GIVEN MATERIAL:
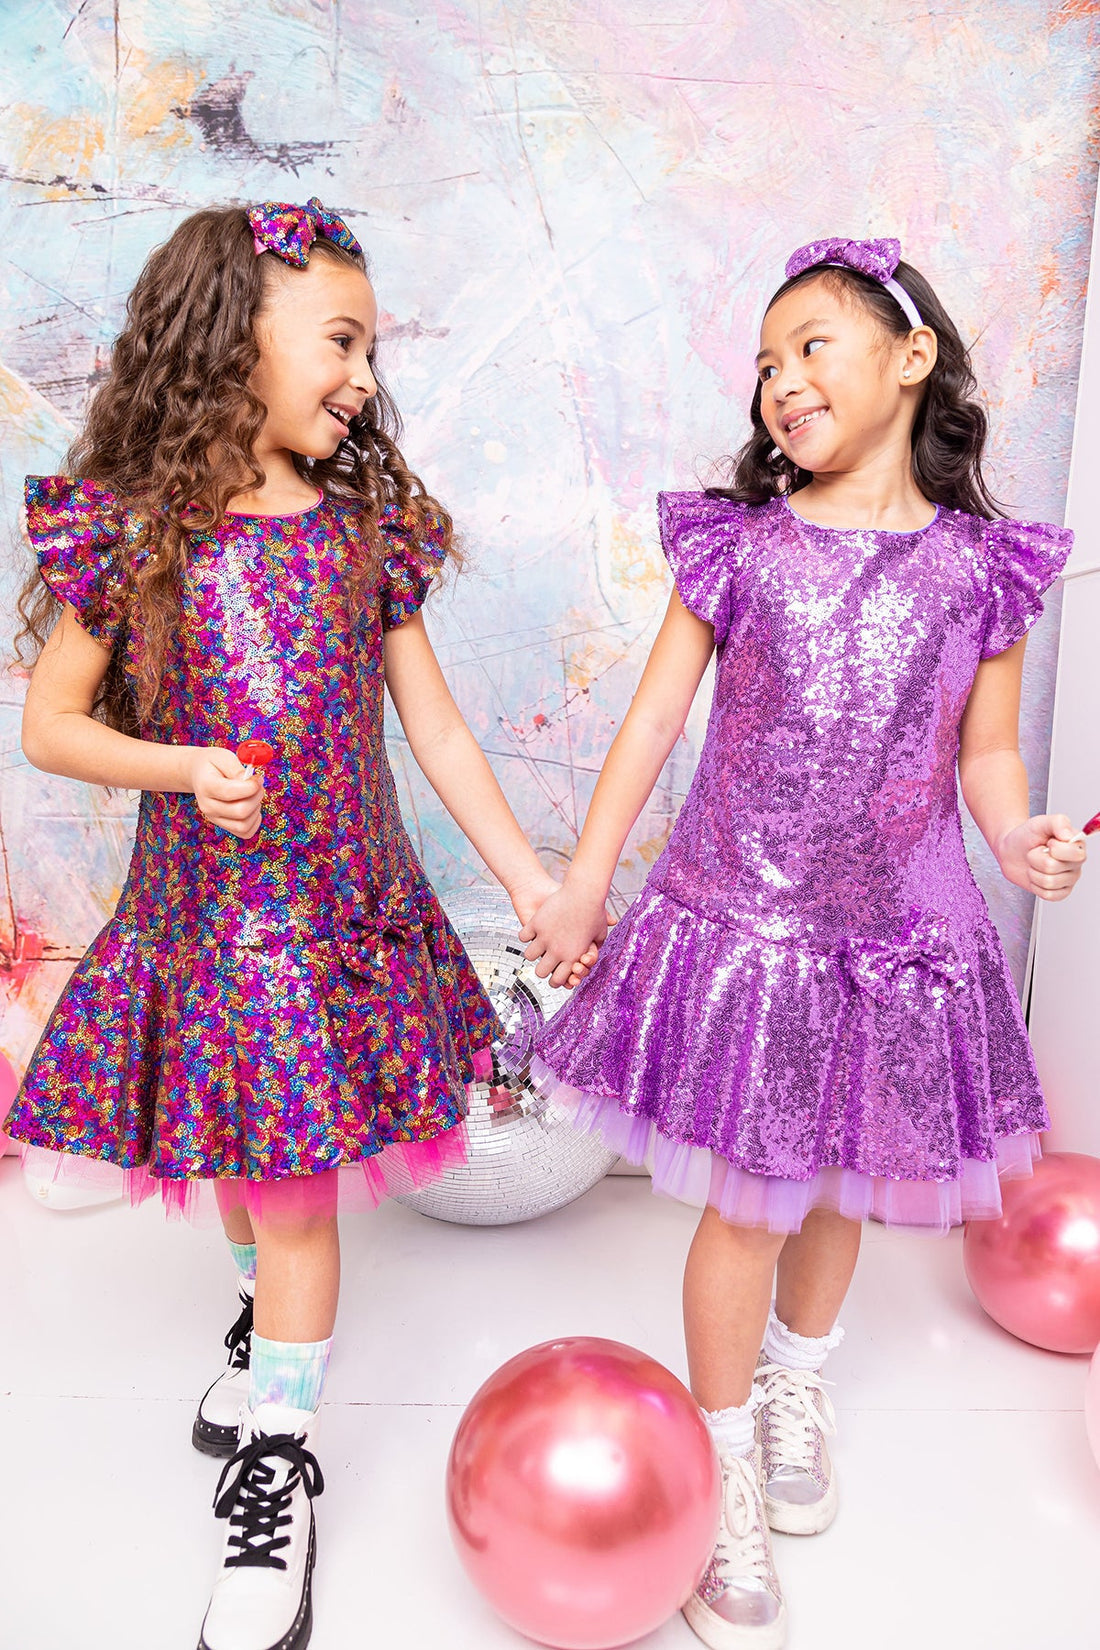 Sequin Ruffle Sleeve Tutu Girl Party Dress by AS530 Kids Dream - Girl Formal Dresses
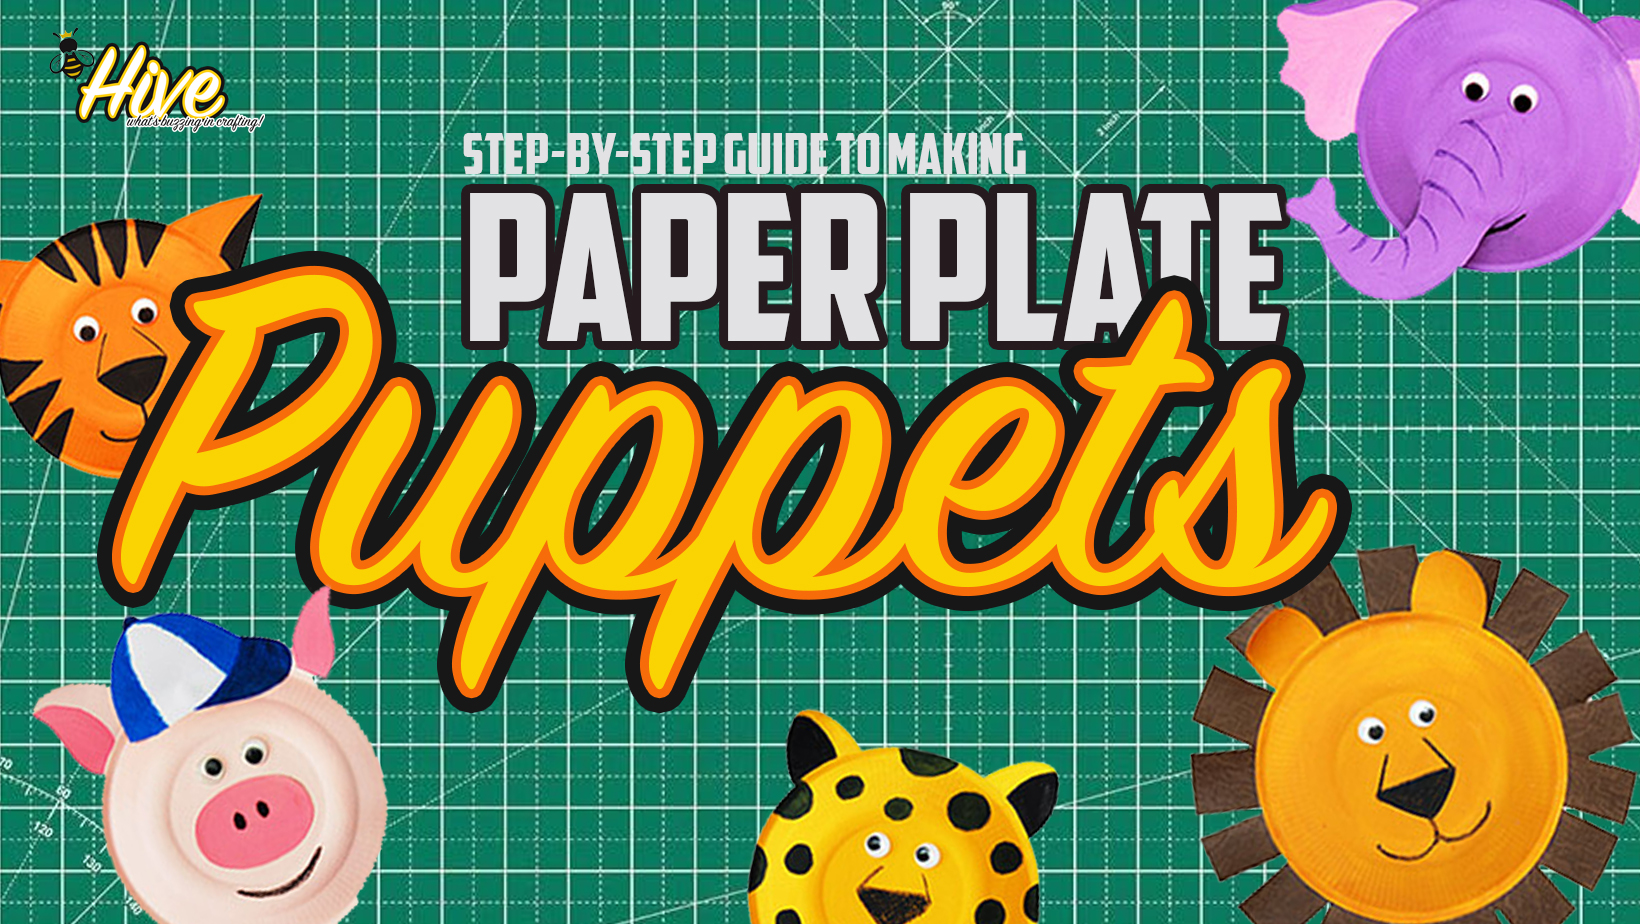 Creating Paper Plate Puppets with Your Kids
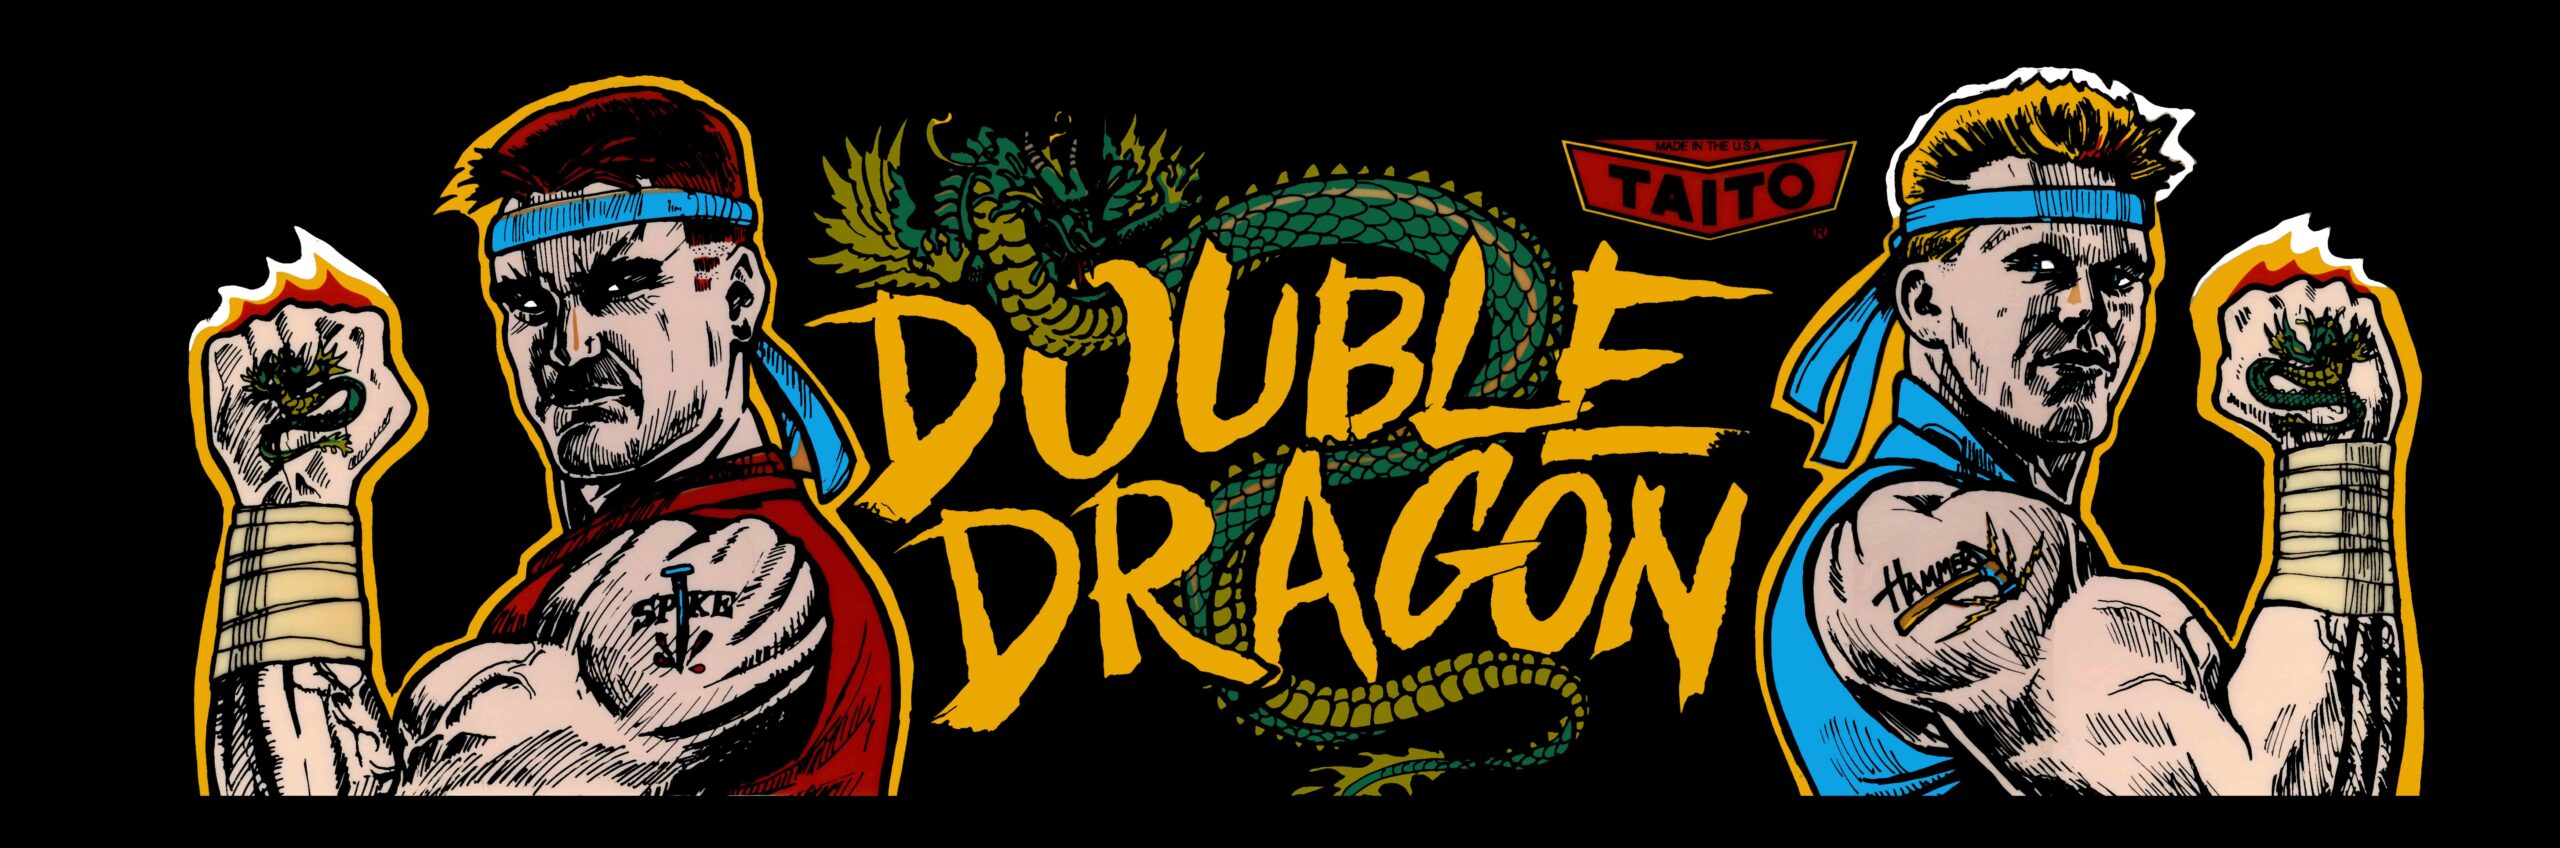 double-dragon-arcade-the-game-hoard
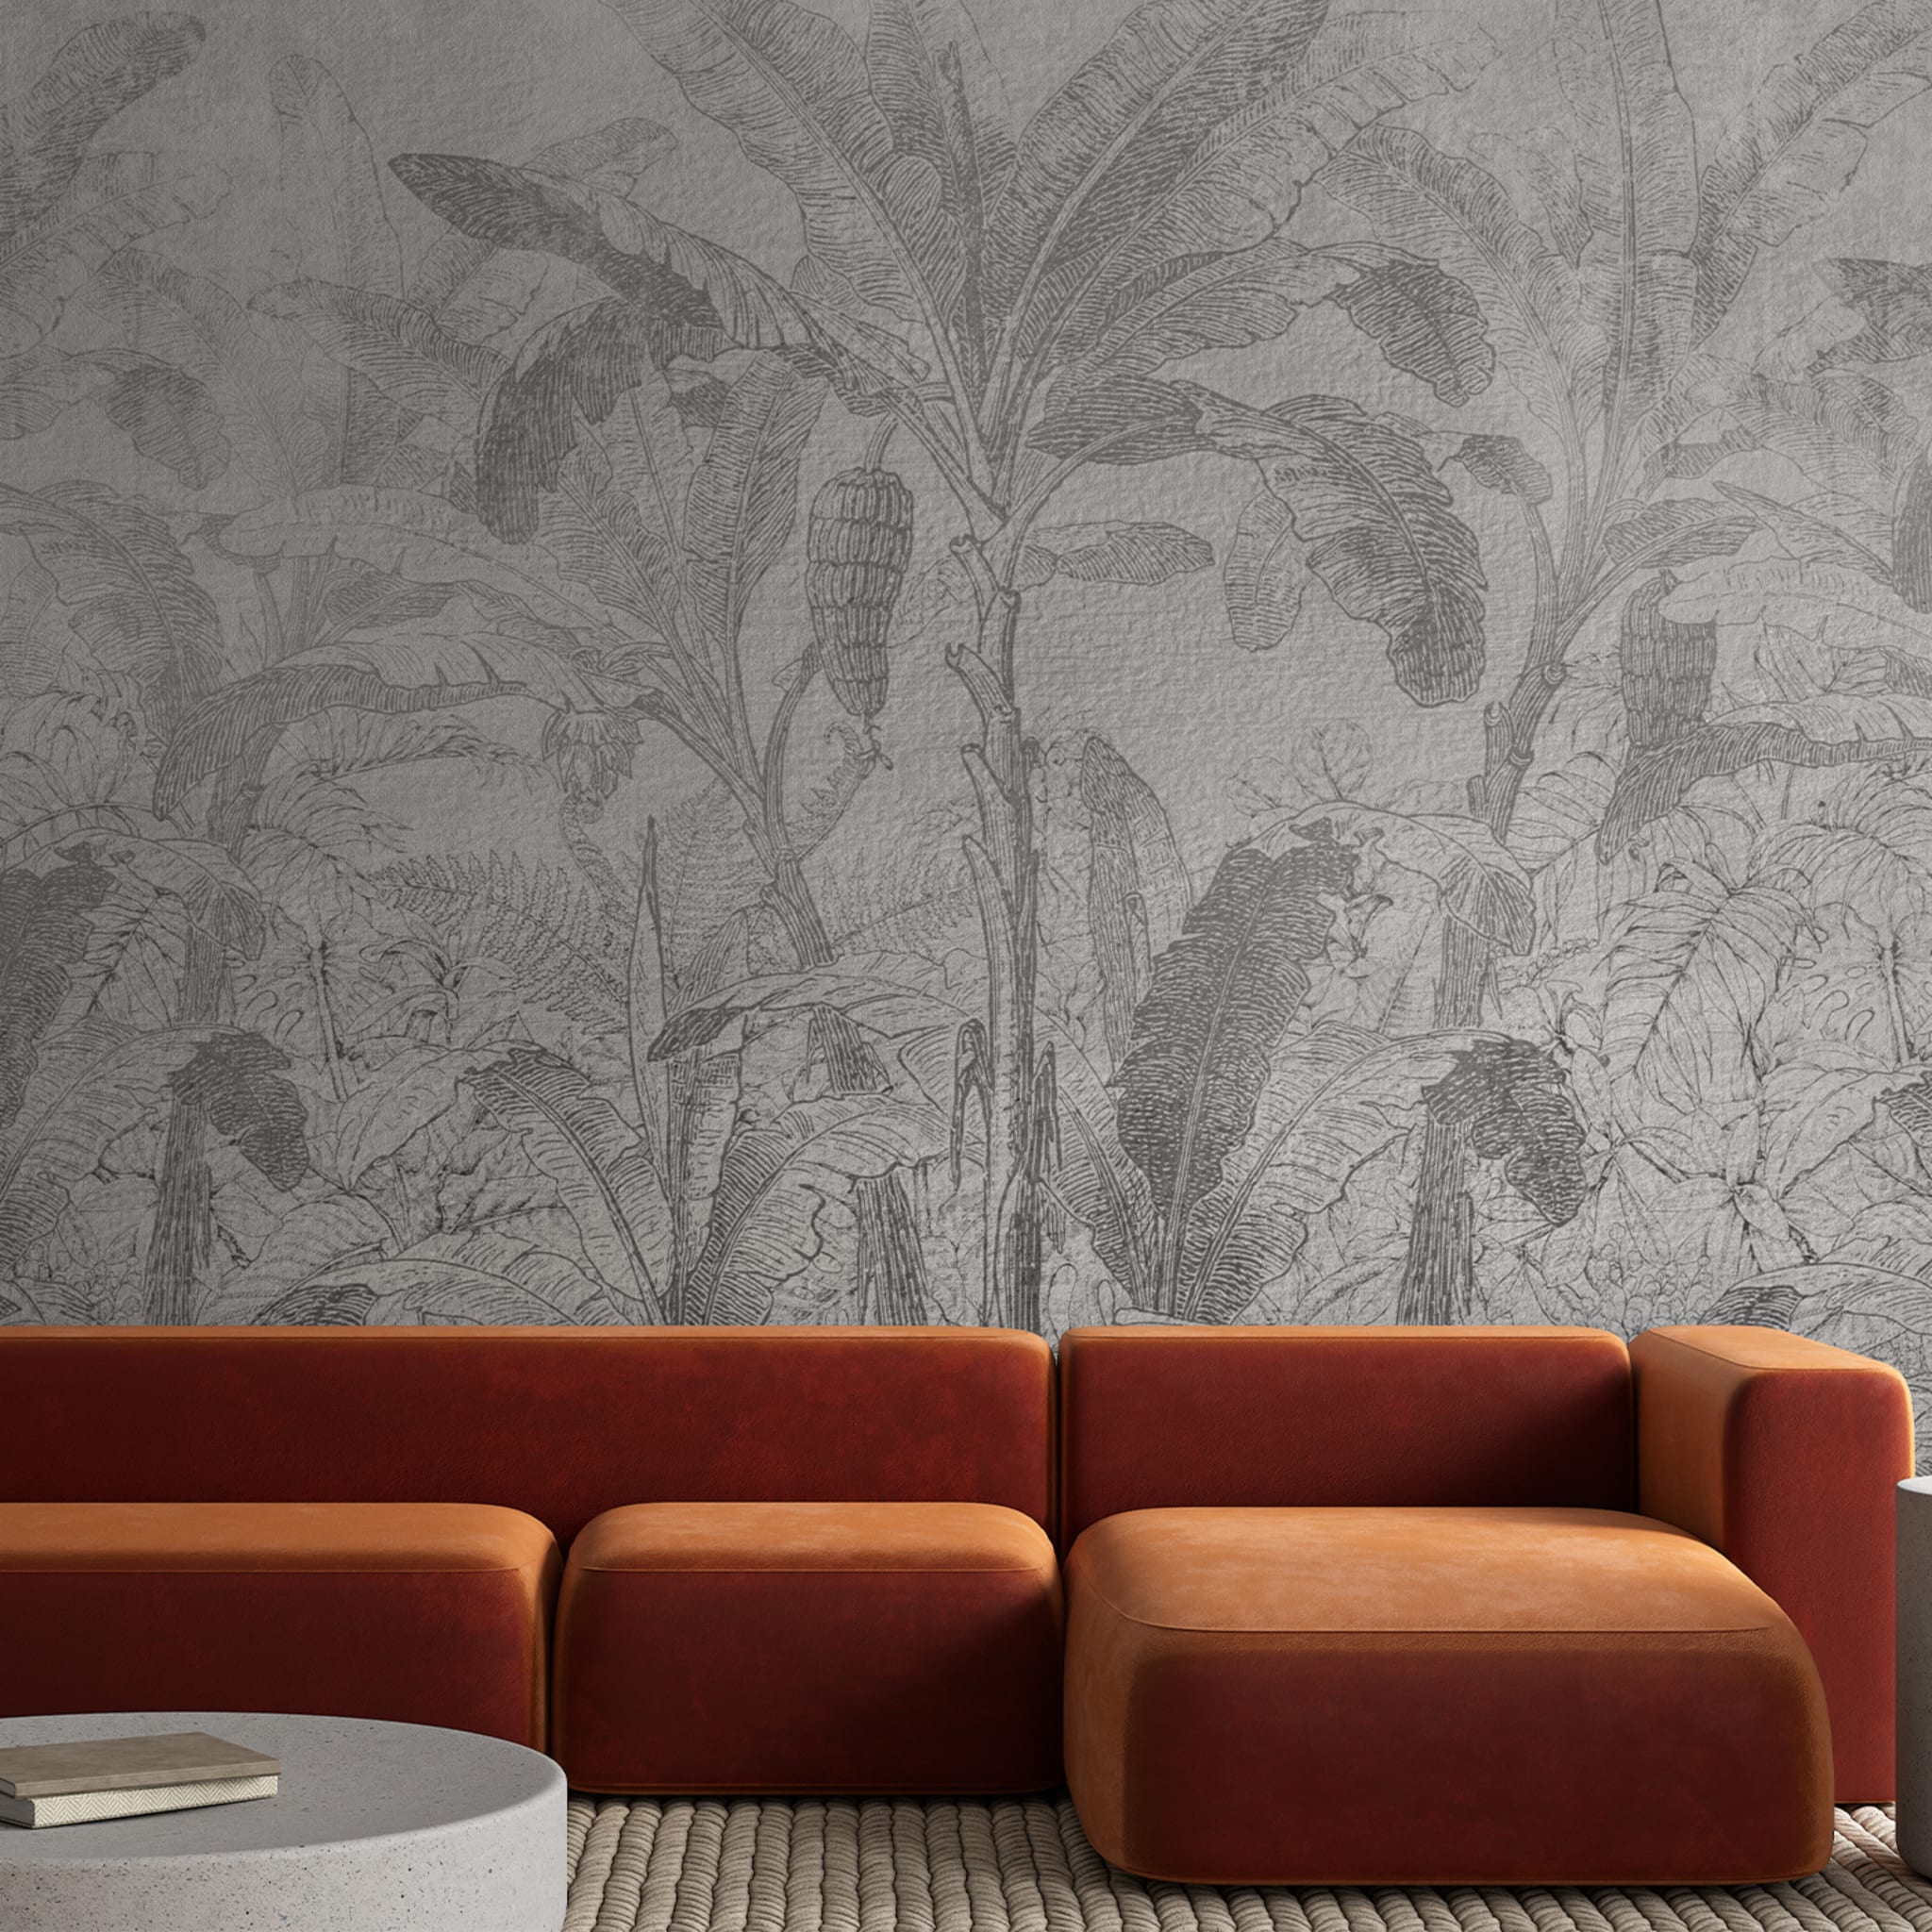 Tropical forest pencil textured wallpaper - Alternative view 1

TASK DIRECTIONS: In the copy, only the lines from the one holding "double-dragon-arcade-the-game-hoard" through the end of the listing above should appear, retyped exactly, both ends included, with no pictures.

RESPONSE BOX:
 double-dragon-arcade-the-game-hoard
 Tropical forest pencil textured wallpaper - Alternative view 1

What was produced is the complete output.